Quand tu es sur scène, il t’arrive parfois de changer des phrases ou du texte en fonction de ton humeur du moment ou du public que tu as devant toi, pourquoi ?

Sou­vent, car il m’arrive d’oublier les paroles et là j’ouvre la petite porte de mon incons­cience pour sau­ver la situa­tion, mais ce n’est jamais volon­taire. Sur­tout en solo quand je com­mets des fautes musi­cales, je peux alors par­tir dans tous les sens ! Un vrai feu d’artifice.

C’était un besoin de réaliser un album toute seule maintenant, une façon de te retrouver ?

Oui, mais il est né éga­le­ment d’une oppor­tu­ni­té qui s’offrait à moi. Mon com­pa­gnon et com­plice du début Koen Gisen a énor­mé­ment de tra­vail en tant que pro­duc­teur. Donc j’ai déci­dé de la jouer en solo.

Une question un peu plus politique : est-ce que tu te considères comme une artiste avant tout flamande, une artiste belge ou européenne ?

D’abord, sin­cè­re­ment très Belge, car j’aime beau­coup le petit tri­angle très absurde que repré­sente la Belgique.

Tu es originaire de Deurne ?

Oui, d’Anvers. Mon grand-père était fran­co­phone, il a ache­té une mai­son en Ardennes. J’ai dès lors gran­di entou­rée de beau­coup de copines francophones.

En tant qu’artiste, qu’est-ce qui te plaît le plus en Flandre ? Une caractéristique particulière ?

L’avant-gardisme.

Et ce qui te dérange le plus en Flandre ?

Le repli iden­ti­taire au plan poli­tique, je trouve cela très très con !

Tu le ressens très fort depuis quelque temps ?

Je le vois autour de moi. Pour­tant, je suis très peu les faits poli­tiques, par contre je trouve que les médias en font un peu trop, ils ont ten­dance à accor­der trop d’attention à ce repli iden­ti­taire. Mais ma vie est bien trop rem­plie pour vrai­ment appro­fon­dir le sujet.

Qu’est-ce qui t’émeut le plus dans ta vie ?

Je pense que c’est la musique. Quand je joue de la musique et que tout va bien, quand je me perds, quand je m’oublie dans la musique, ce sont des moments magiques. J’adore être dans cet état.

Qu’est-ce qui te donne l’envie de te battre dans la vie ?

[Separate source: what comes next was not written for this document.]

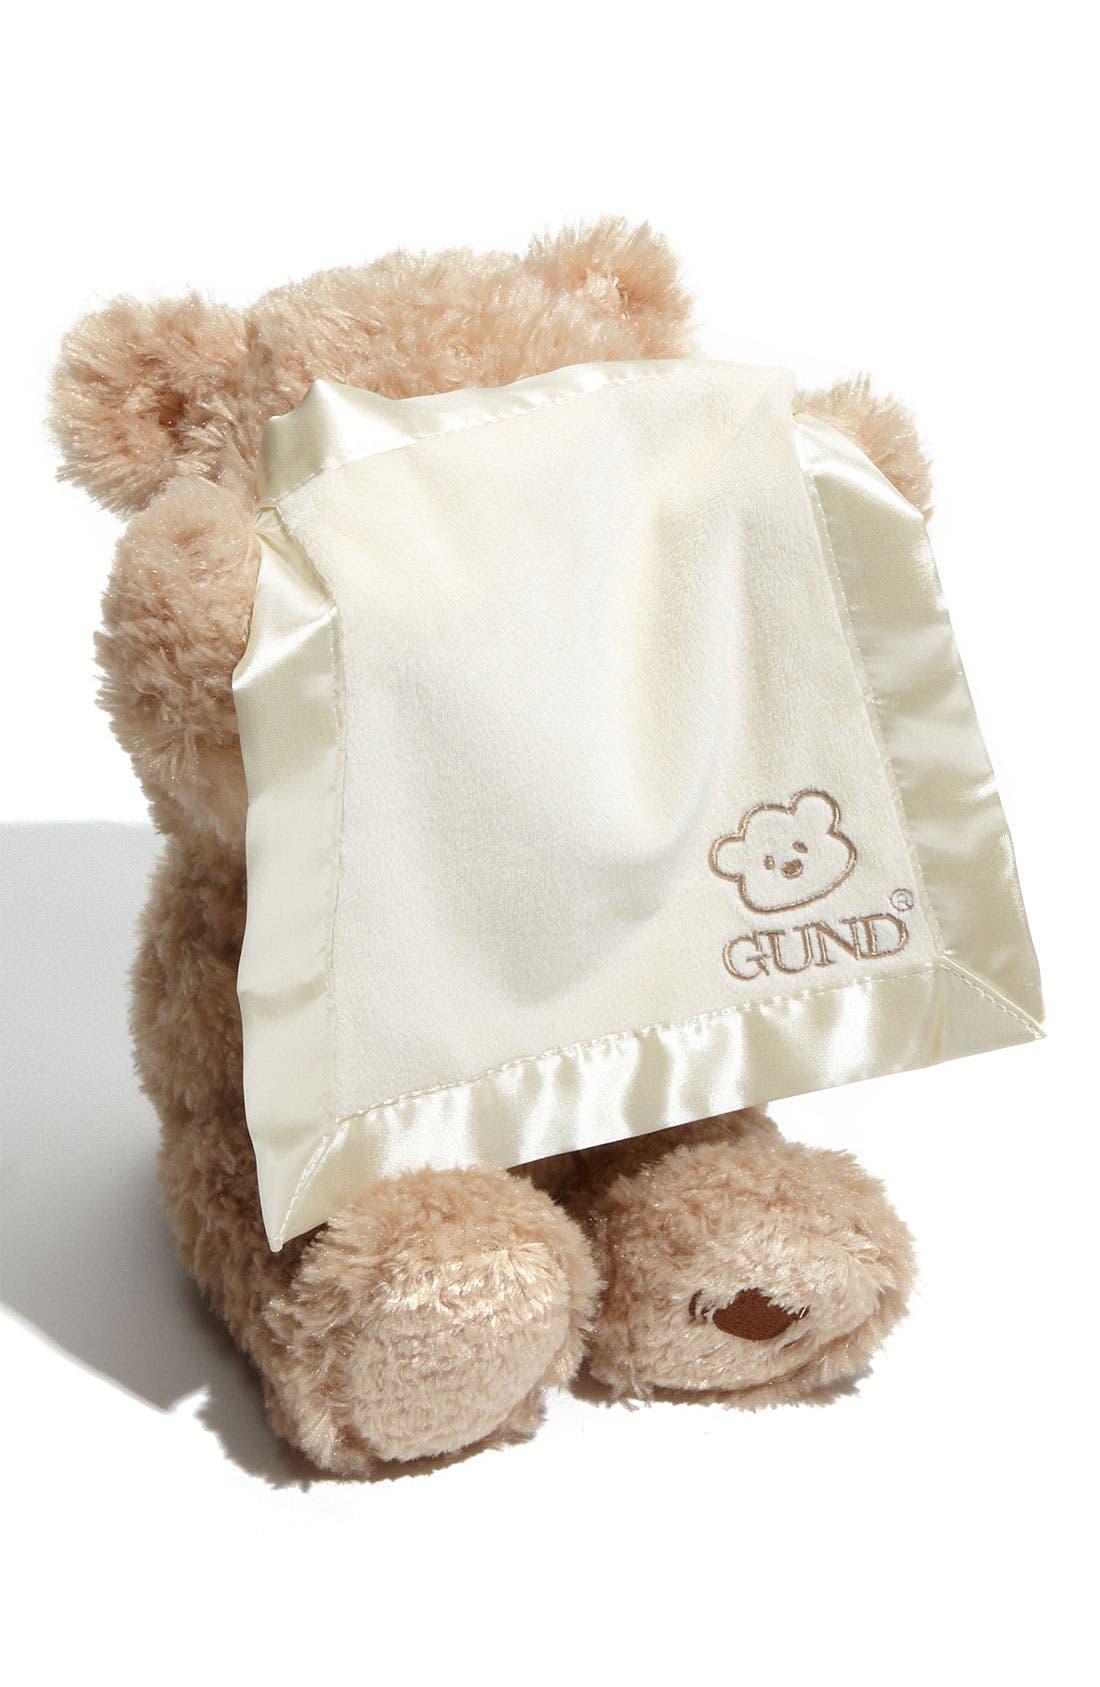 Baby Gund 'Peekaboo' Bear,                             Alternate thumbnail 4, color,                             NO COLOR

Je me bats vrai­ment pour mon inté­gri­té, ma liber­té artis­tique. Sur­tout ne pas me faire hap­per par le sys­tème de l’industrie musi­cale, essayer de résis­ter à ce qui semble la bonne façon de connaître le suc­cès. C’est quoi le suc­cès ? Je ne cherche pas le suc­cès, je veux que les gens m’apprécient pour l’essentiel. Ce n’est pas du sno­bisme. Un artiste doit faire ce qu’il sait faire. Quand tu écoutes bien Madon­na, elle va cher­cher des influences dans toutes les choses nou­velles, elle fait son shop­ping par exemple chez Gold­frapp, elle se nour­rit de l’originalité et de l’avant-gardisme chez d’autres artistes. Elle com­pose ce mélange pour un large public. Cela s’appelle aus­si le talent ! Les pen­seurs ori­gi­naux sont tou­jours là trop tôt…

Si tu n’avais pas choisi d’être chanteuse et musicienne, qu’est-ce que tu aurais voulu faire ?

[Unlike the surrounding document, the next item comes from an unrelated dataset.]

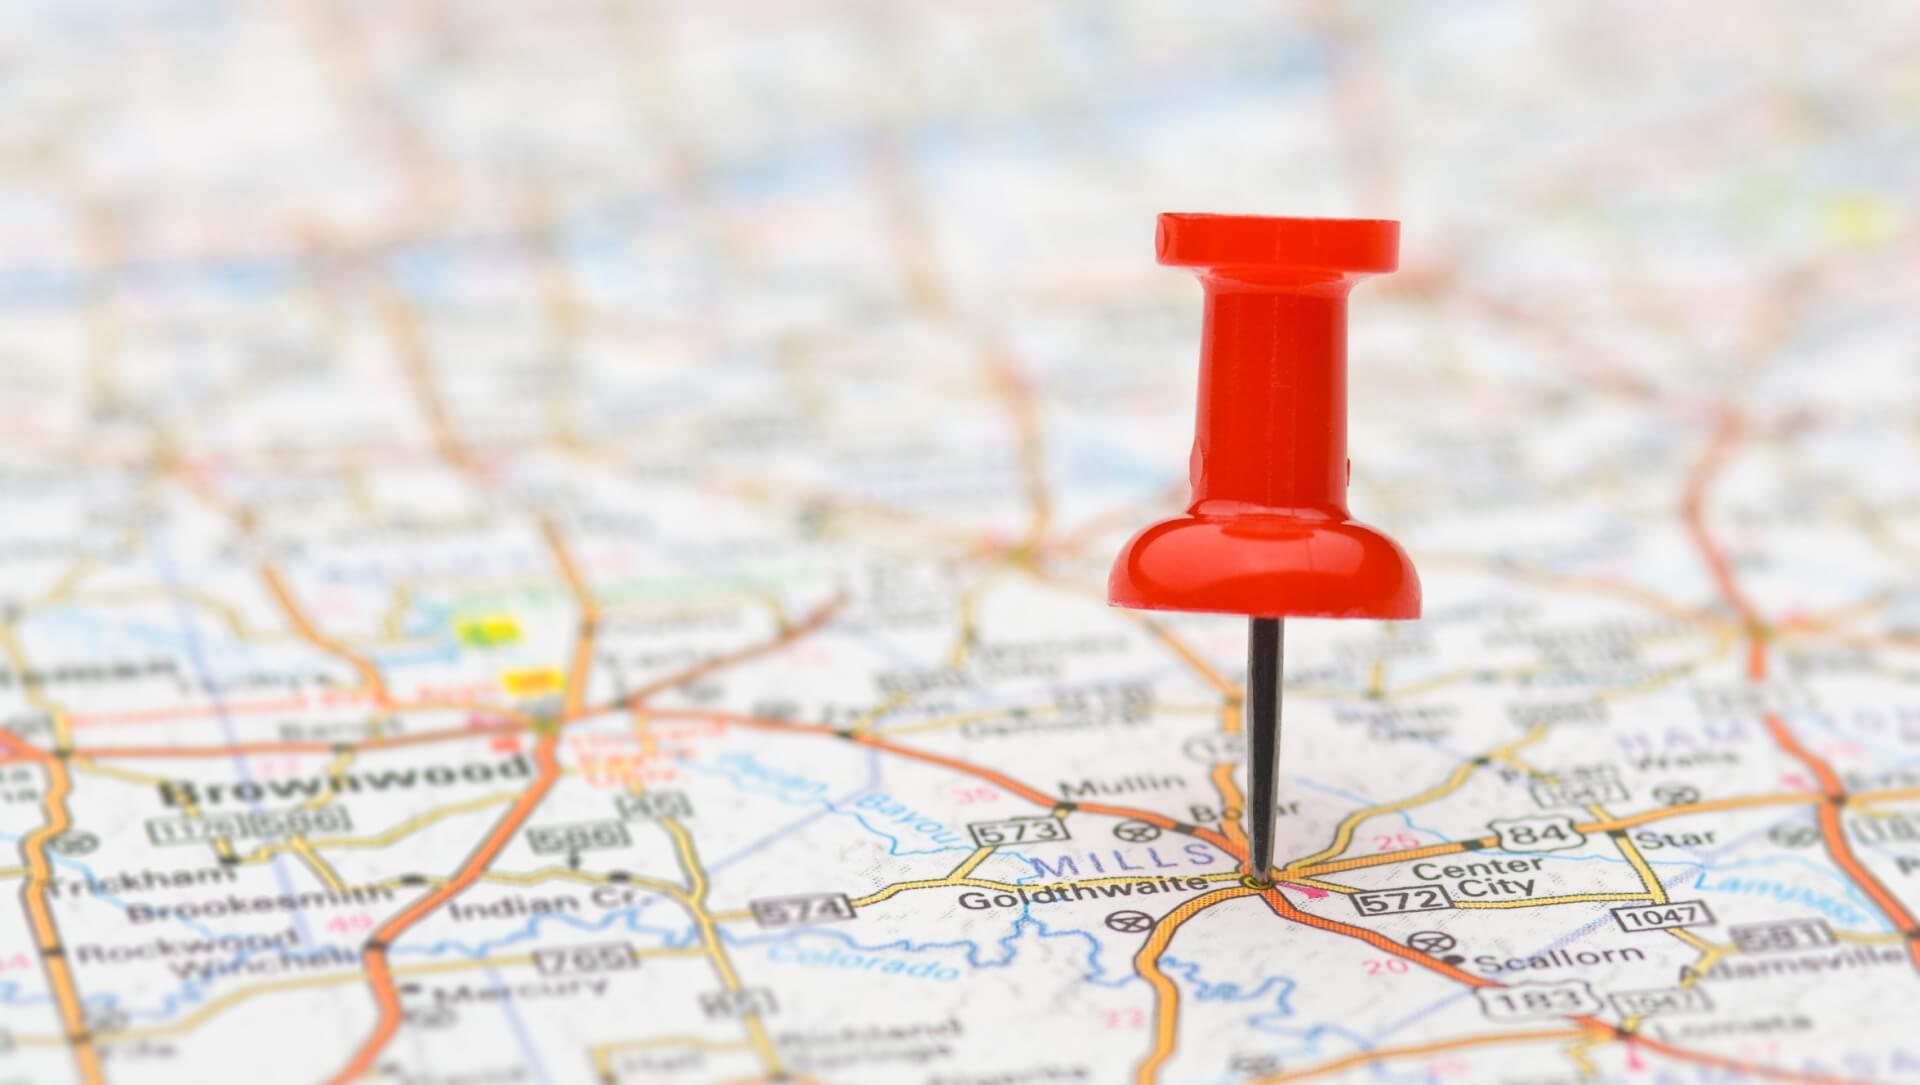 Deciding Where to Live - The Incorvaia Team

Du théâtre. Je serais inva­ria­ble­ment res­tée dans la fibre artistique.

Quelles sont tes références musicales ?

Je n’écoute pas beau­coup de musique, mais la musique de ma jeu­nesse m’a fort influen­cé. D’abord les tubes des années 80. À 12 ans, j’écoutais les pre­miers albums de Mylène Far­mer. Je trou­vais cela fas­ci­nant, nou­veau, très « dark », c’est avec elle que j’ai décou­vert pour la pre­mière fois Bau­de­laire. Elle a réa­li­sé des clips très ciné­ma­to­gra­phiques. Ce fut aus­si mon tout pre­mier concert. Main­te­nant j’ai per­du de vue ce qu’elle produit.

J’aimais beau­coup les bandes sons des grands films fran­çais des années 70, puis plus tard j’ai écou­té Talk Talk, Roxy Music, Robert Wyatt, Simple Minds etc.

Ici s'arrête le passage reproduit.